Dans la littérature, les poètes sont les annonciateurs d’un mouvement de plus large participation, qui va marquer fortement la première moitié du XVII-e siècle; loin de projeter sur la mort des images de vie, les hommes de ce temps se plaisent à s’entourer vivants des images de leurs morts; leur regard s’exerce à deviner le squelette sous la chair;

la tête de mort se multiplie dans les sombres paysages de leurs délires, sur la scène de leurs théâtres, dans leurs méditations, les toiles de leurs peintres, et jusque dans la décoration.

C’est que l’ÂME BAROQUE a pour la première fois la conscience de la grandeur et du TRAGIQUE DE L’HOMME. Le mérite de l’homme baroque c’est qu’il descend les dualités d’un monde extérieur jusqu’à son monde intérieur. Il a une disponibilité à mieux se connaître. Mais, cette connaissance révèle, le plus souvent, de la succession de l’ÊTRE et du PARAÎTRE, car, de la pensée baroque, il retient que tout tourne autour de uno omnia, de « Dieu Architecte » qui « par un art merveilleux tourne les défauts de ces petits mondes au plus grand ornement de son grand monde ».11 L’homme devient, à son tour, “un petit Dieu » dans son propre monde qu’il gouverne à son gré. Aussi l’homme baroque se place-t-il au centre du spectacle universel où il est, à la fois, acteur et spectateur.

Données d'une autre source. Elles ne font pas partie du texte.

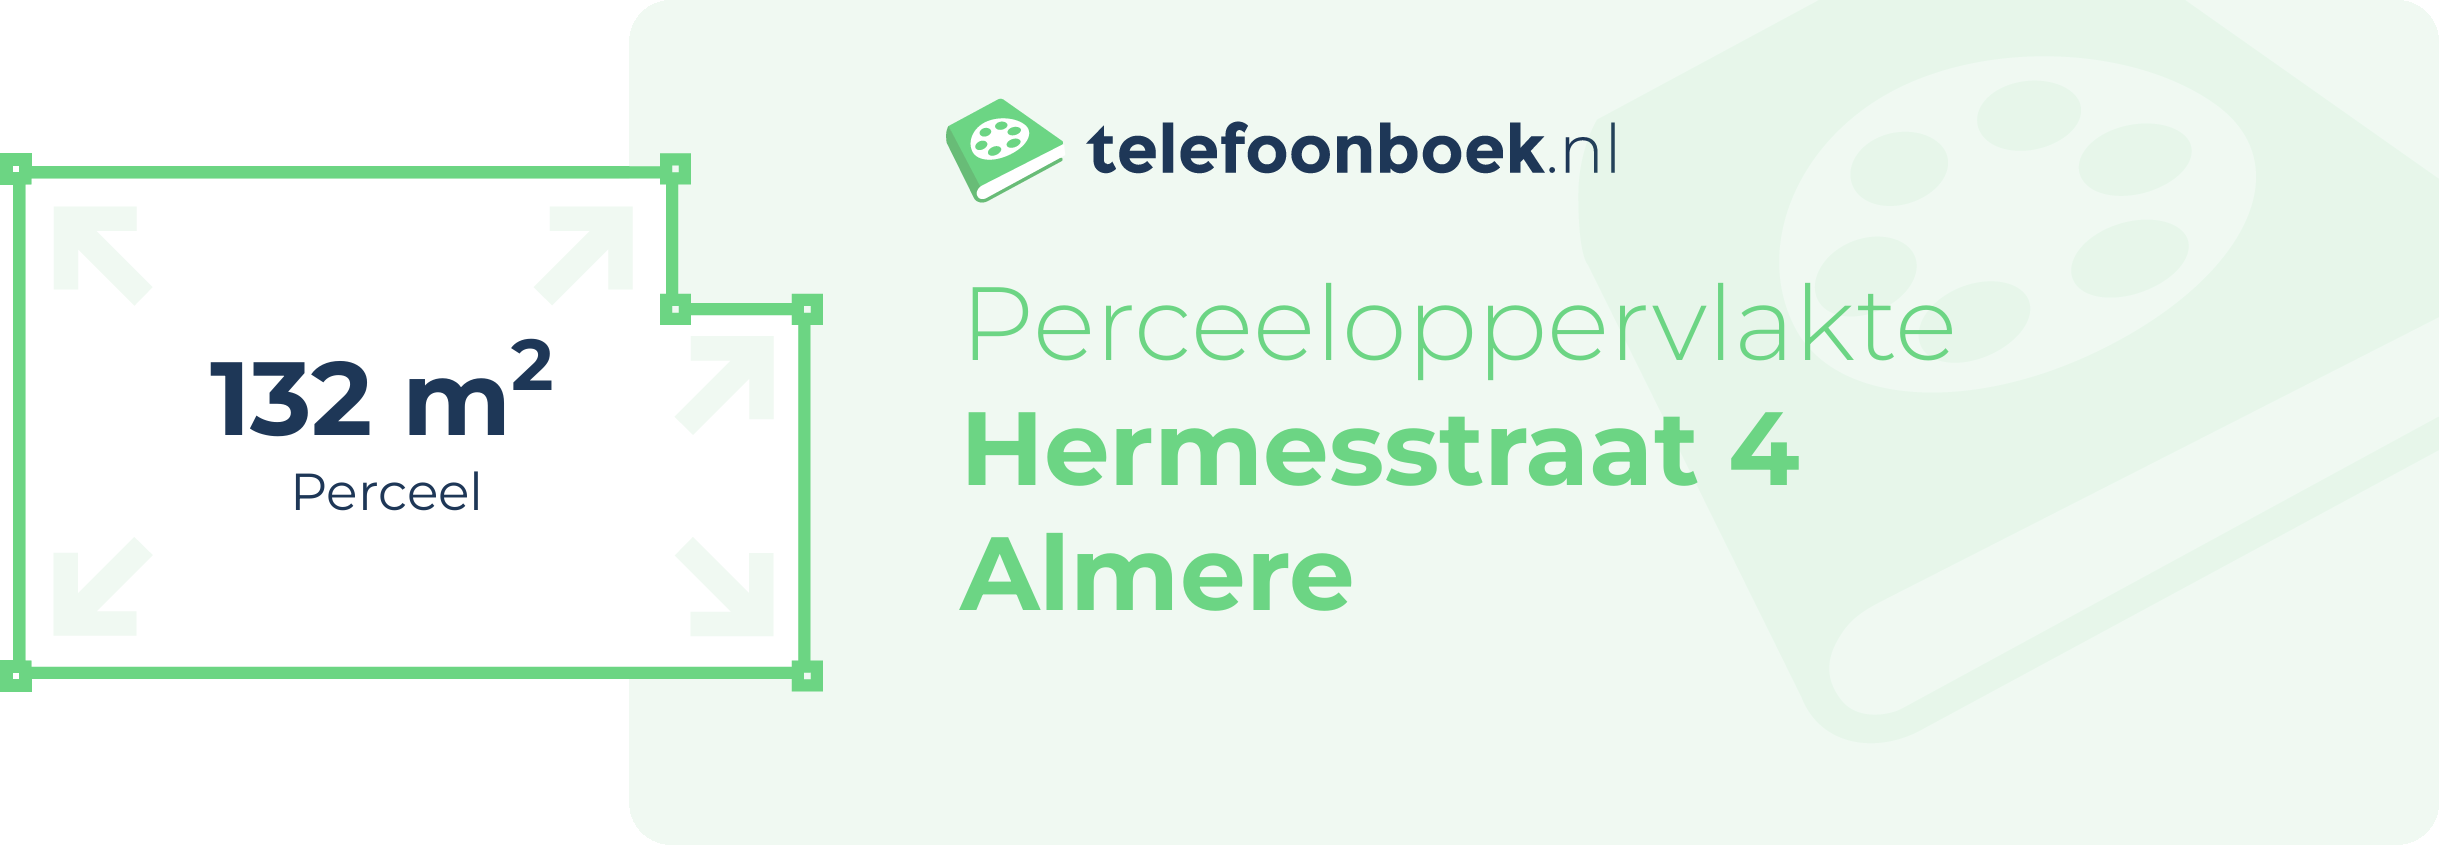 Perceeloppervlakte Hermesstraat 4 Almere

L’architecture théâtrale baroque souligne à merveille cette tendance. Elle veut tout

changer. Dans les théâtres baroques, chaque spectateur a sa place bien établie selon sa position sociale ; il se représente et il jouit en même temps de sa propre représentation incluse, à son tour, dans la grande représentation où il n’en était qu’une partie, à côté des autres. Cette perspective du THEATRUM MUNDI se prolonge de la salle sur la scène où tout est sous le signe de la métamorphose, du mouvement, du déguisement et du trompe-l’oeil. La scène change maintes fois. Il n’en est question que de cela dans les relations comme dans les indications de scène : nuées mouvantes, châteaux qui s’effondrent ou surgissent, ciels qui s’ouvrent, forêts cédant brusquement la place aux jardins, vagues de la mer qui envahissent le plateau. On insiste tantôt sur la soudaineté du changement, tantôt sur sa progression, car ce qui fait la beauté de ces spectacles c’est moins la raison que la surprise scénique. En analysant les ballets de cour, Jean Rousset fait même un rapprochement aux façades de Bernin, « c’est la même danse sur les nuages et le même geste d’envol”.12 On voit sur la scène une infinité de mondes possibles grâce au décor de Bernin, Burnacini, Borgonio, Galli-Bibbiena, Torelli, Juvarra, Galliari.

L’architecture baroque semble exprimer, la première, l’esprit de toute une époque où le monde, même l’univers, étaient pris pour un théâtre.

NOTES

Rousset, 1954 : 91

2 Idem : 8.

3 Ibidem : 177.

4 Leibniz, 1983, in Essais de Théodicée, cité par R. Assunto dans son livre Universul ca spectacol : 37.

5 Rousset, 1954 : 167.

6 Leibniz, La Monadologie, cité par R. Assunto, dans son livre déjà mentionné : 56.

7 Leibniz, cité par R. Assunto, in Universul ca spectacol, idem : 33.

8 Rousset, 1954 : 157.

9 Idem, 168.

10 Rousset reproduit dans son livre, déjà cité, les paroles de Bernin : 141.

11 Leibniz, cité par R. Assunto dans son livre déjà mentionné : 82.

2 Rousset, 1954 : 20.

RÉFÉRENCES BIBLIOGRAPHIQUES

ASSUNTO, R., 1983, Universul ca spectacol, Bucureşti, Meridiane.

ROUSSET, J., 1954, La littérature de l'âge baroque en France, Paris José Corti, 1954.

1968, L'intérieur et l'extérieur, Paris, José Corti.

1986, Le lecteur intime, Paris, José Corti.

1993, Narcisse romancier, Paris, José Corti.

ABSTRACT

In the end of the XVI-th century we have to admit the presence of a new sensitiveness that resume the old forms, develop them in its own atmosphere and adjust them to its goals transforming them into new ones.

The baroque architecture seems to express the spirit of the whole period where the world, even the universe, were taken for a theater.